Summit Interconnect 社の技術担当副社長であるGerry Partida 氏は、IPC APEX EXPO 2022 で「Next Progression in Microvia Reliability Validation-Reflow Simulation of a PCB Design Attributes and Material Structural Properties During the PCB Design Process(和訳:マイクロビア信頼性検証の進展-PCB設計工程におけるPCB設計属性と材料構造特性のリフローシミュレーション)」という技術論文を発表した。
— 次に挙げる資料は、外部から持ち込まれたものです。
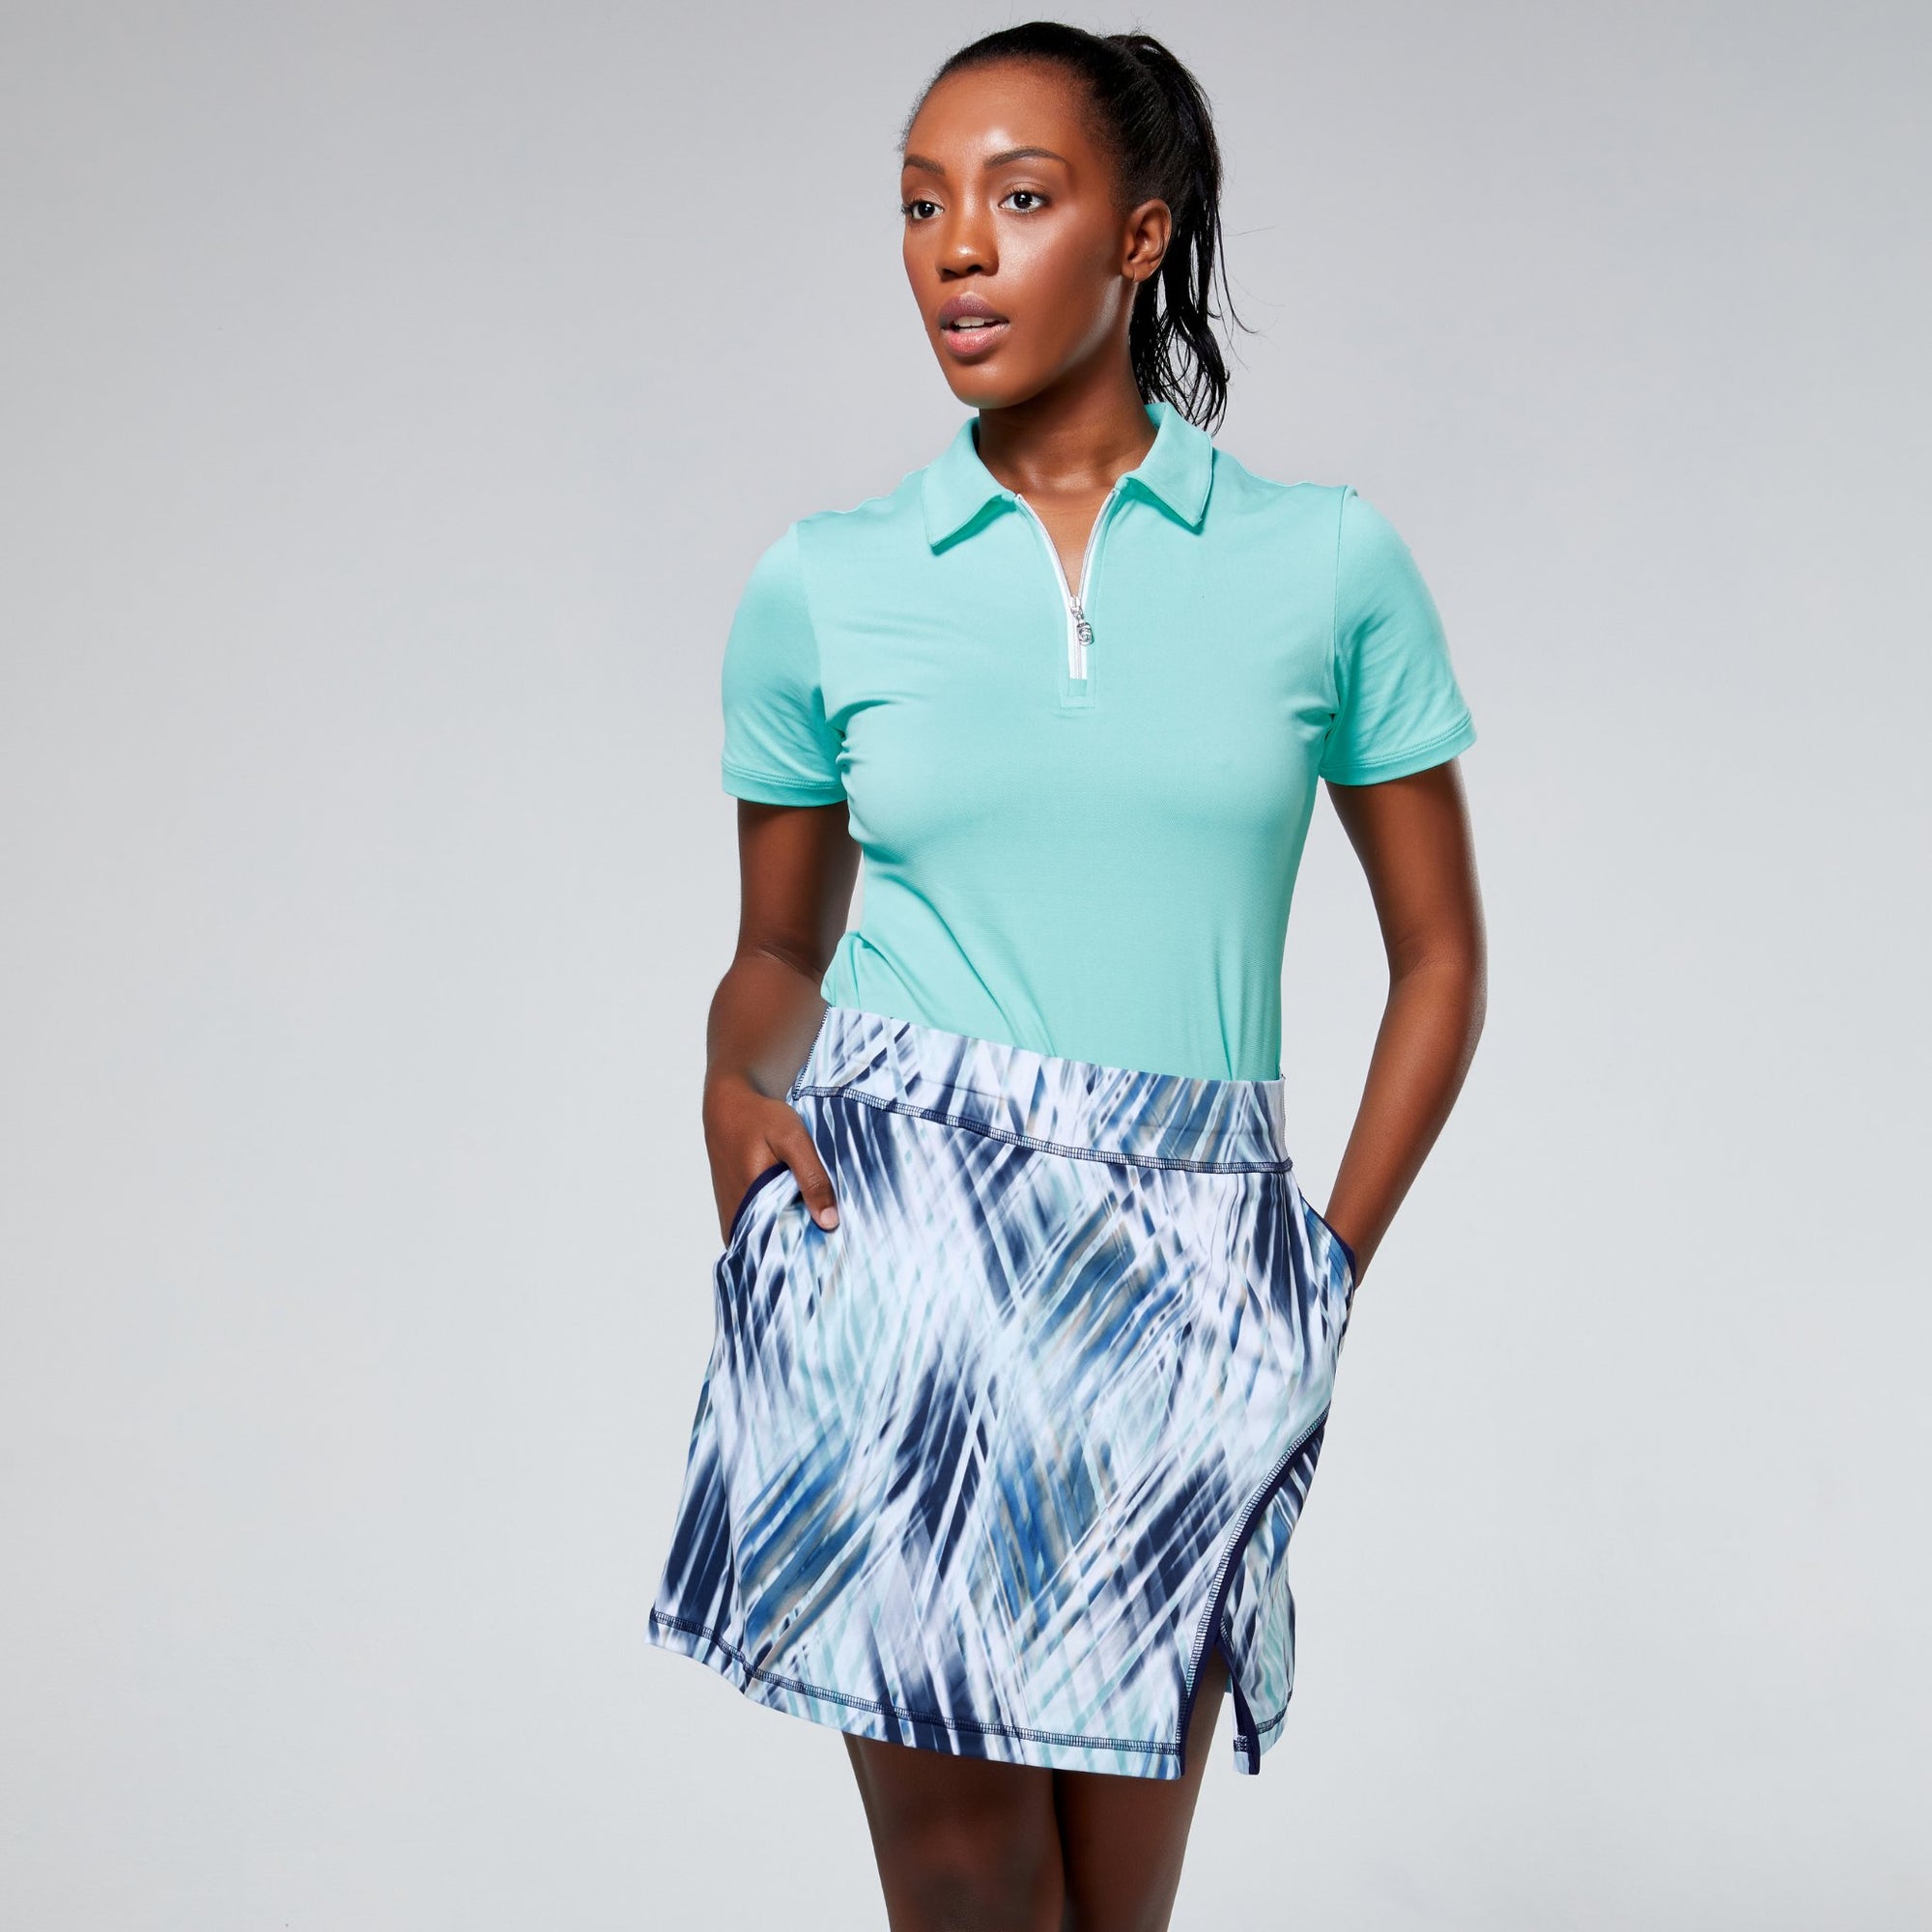 Sofibella | Fairway Fittings - Women's Golf & Athleisure Wear Boutique.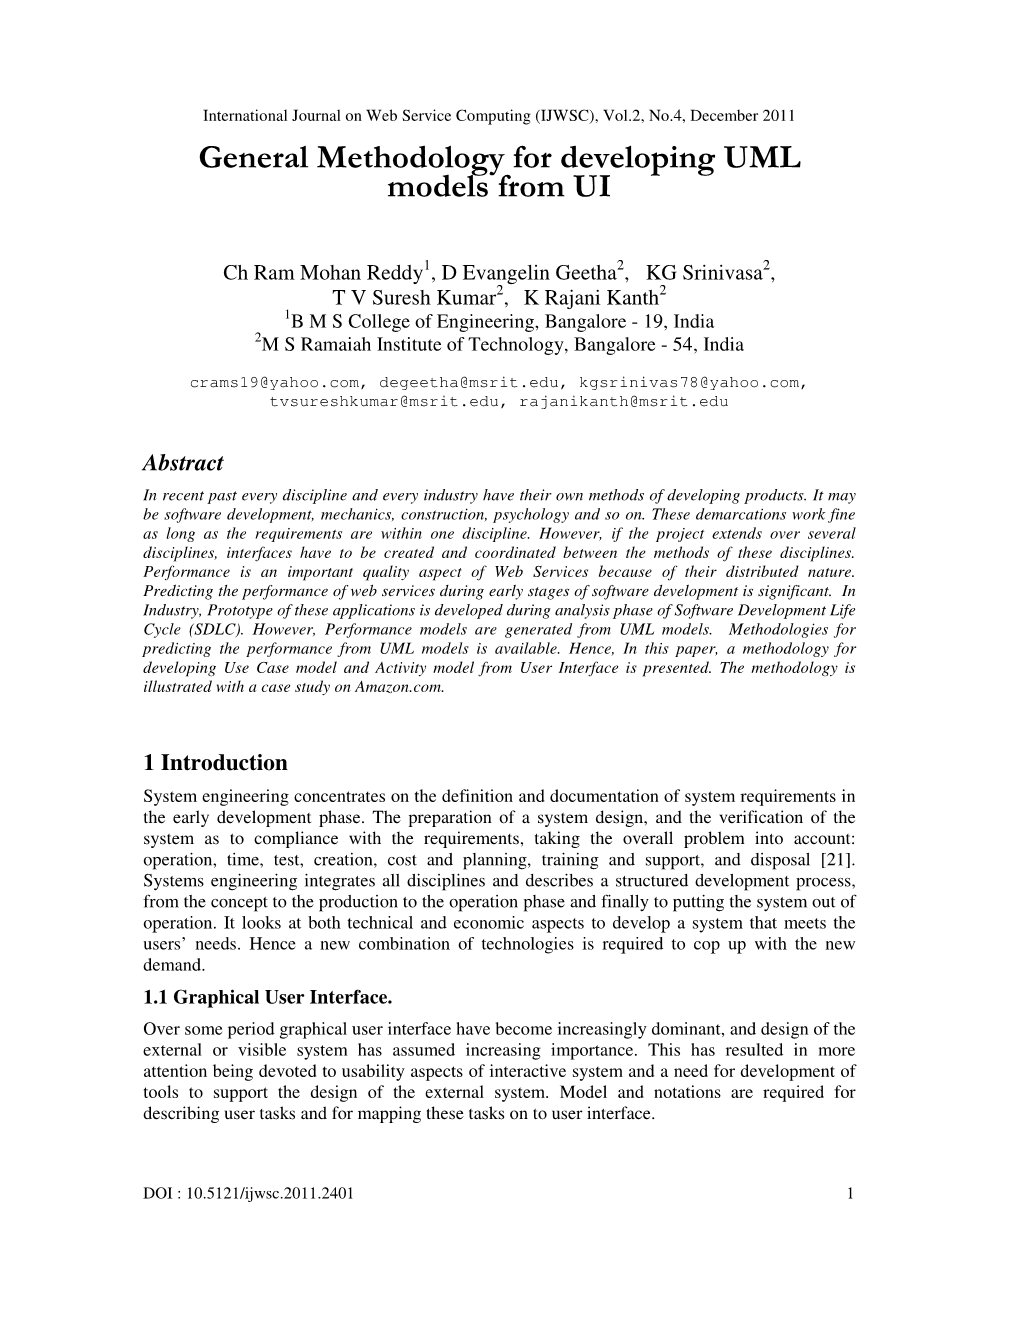 General Methodology for Developing UML Models from UI

マイクロビアの信頼性検証に関するこの重要な論文は、再確認する必要があり、マイクロビアのファブリケーション分野で起きていること、特に積層マイクロビアの潜在的欠陥の問題に関してまとめている。

本論文(原文)は、こちらからダウンロード可能です。尚、本論文を簡易日本語訳した文書は下記セクションにてダウンロード可能です。

1996年、マイクロビアを使用した基板に潜在的な電気的欠陥が現れ始めたことをきっかけに始まった本論争を、以来、Partida氏は徹底的に追及している。私がこの話題に精通するようになったのは、2000年にIPCが主催したマイクロビア技術のラウンドロビンテストを実施したときだった。2000年にIPCがマイクロビア技術のラウンドロビンテストを開催し、すべてが良好に見え、HDI技術は急成長した。エレクトロニクスの進化と同様に、この技術も成長し、多様化した。しかし、過去に行われたラウンドロビンテストのように、すべてのバリエーションでテストされている訳ではない。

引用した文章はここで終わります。